I'm just starting and I've never had the need to optimize a job before 我刚刚开始，我以前从未需要优化工作

EDIT: Additionally, can someone explain exactly how the wholeTextFiles function works? 编辑：此外，有人可以准确解释整个文本功能的工作原理吗？ (not how to use it, but how it was programmed). （不是如何使用它，而是如何编程）。 I'm very interested in understand the partition parameter, etc. 我对理解分区参数等非常感兴趣。
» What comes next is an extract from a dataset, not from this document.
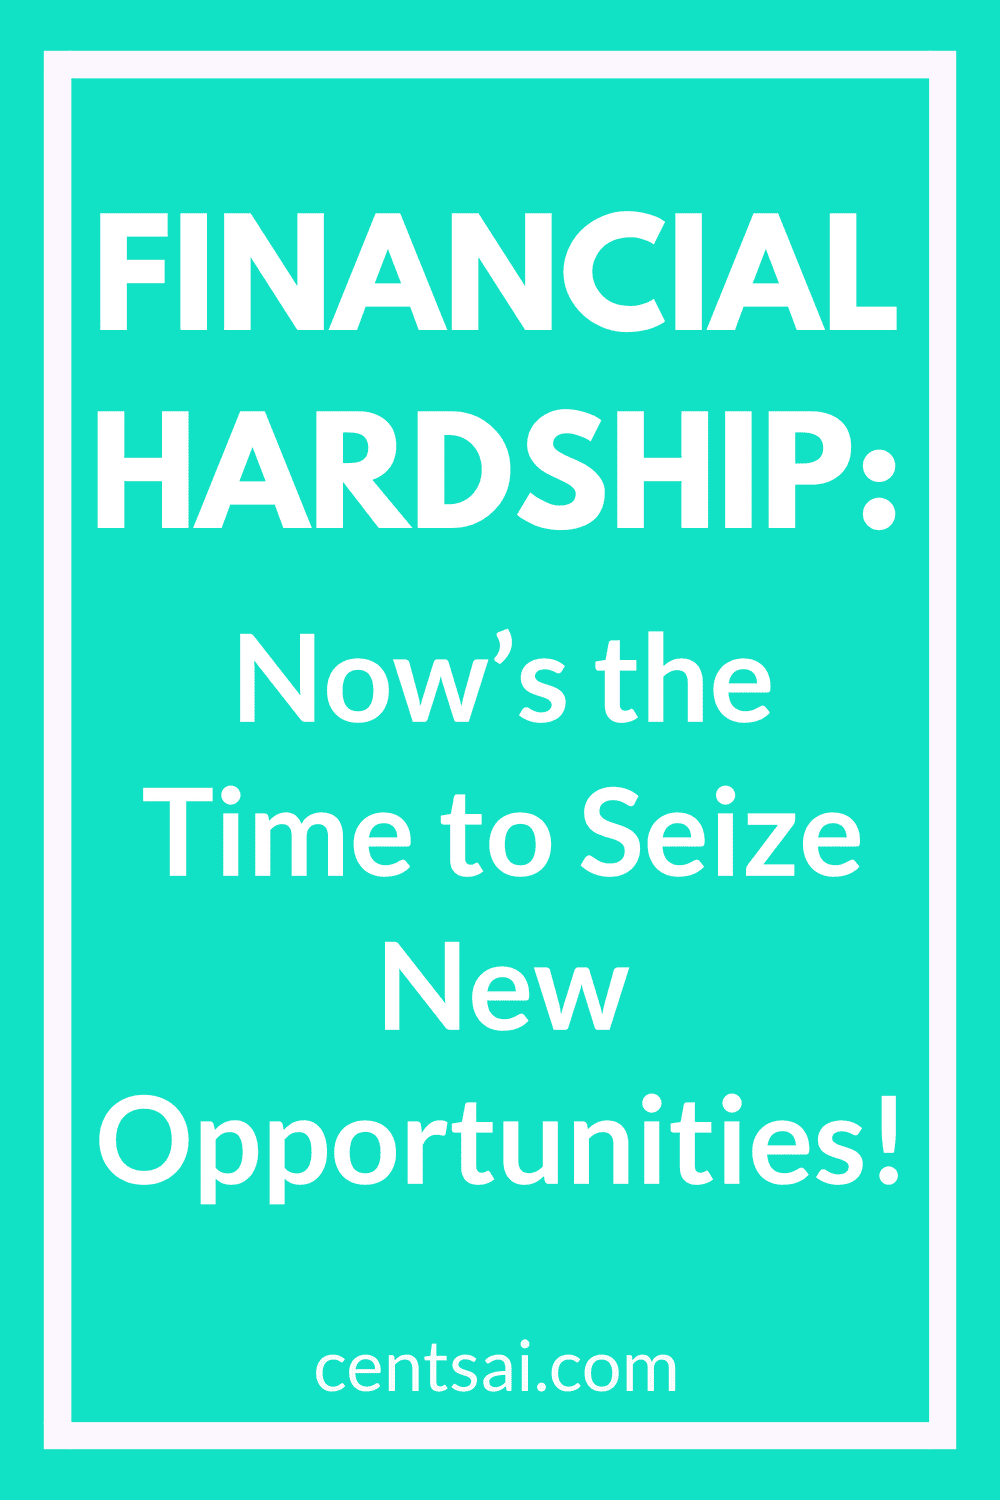 Financial Hardship: Now’s the Time to Seize New Opportunities! Dealing with financial hardship is tough, but recovery may not be as far off as you think. Keep a keen eye out for new opportunities! #financialhardship

EDIT 2: benchmark assessment 编辑2：基准评估

So I tried repartition after the wholeTextFile, the problem is the same because the first read is still using the pre-defined number of partitions, so there are no performance improvements. 所以我在整个文本文件之后尝试重新分区，问题是一样的，因为第一次读取仍然使用预定义数量的分区，因此没有性能改进。 Once the data is loaded the cluster performs really well... I have the following warning message when dealing with the data (for 200k files), on the wholeTextFile: 加载数据后，集群执行得非常好...在处理整个文本文件时，我在处理数据（对于200k文件）时有以下警告消息：

15/01/19 03:52:48 WARN scheduler.TaskSetManager: Stage 0 contains a task of very large size (15795 KB). The maximum recommended task size is 100 KB.

Would that be a reason of the bad performance? 这会是表现糟糕的原因吗？ How do I hedge that? 我该如何对冲呢？

Additionally, when doing a saveAsTextFile, my speed according to Ambari console is 19MB/s. 另外，在执行saveAsTextFile时，根据Ambari控制台的速度是19MB / s。 When doing a read with wholeTextFiles, I am at 300kb/s..... 当使用wholeTextFiles读取时，我的速度为300kb / s .....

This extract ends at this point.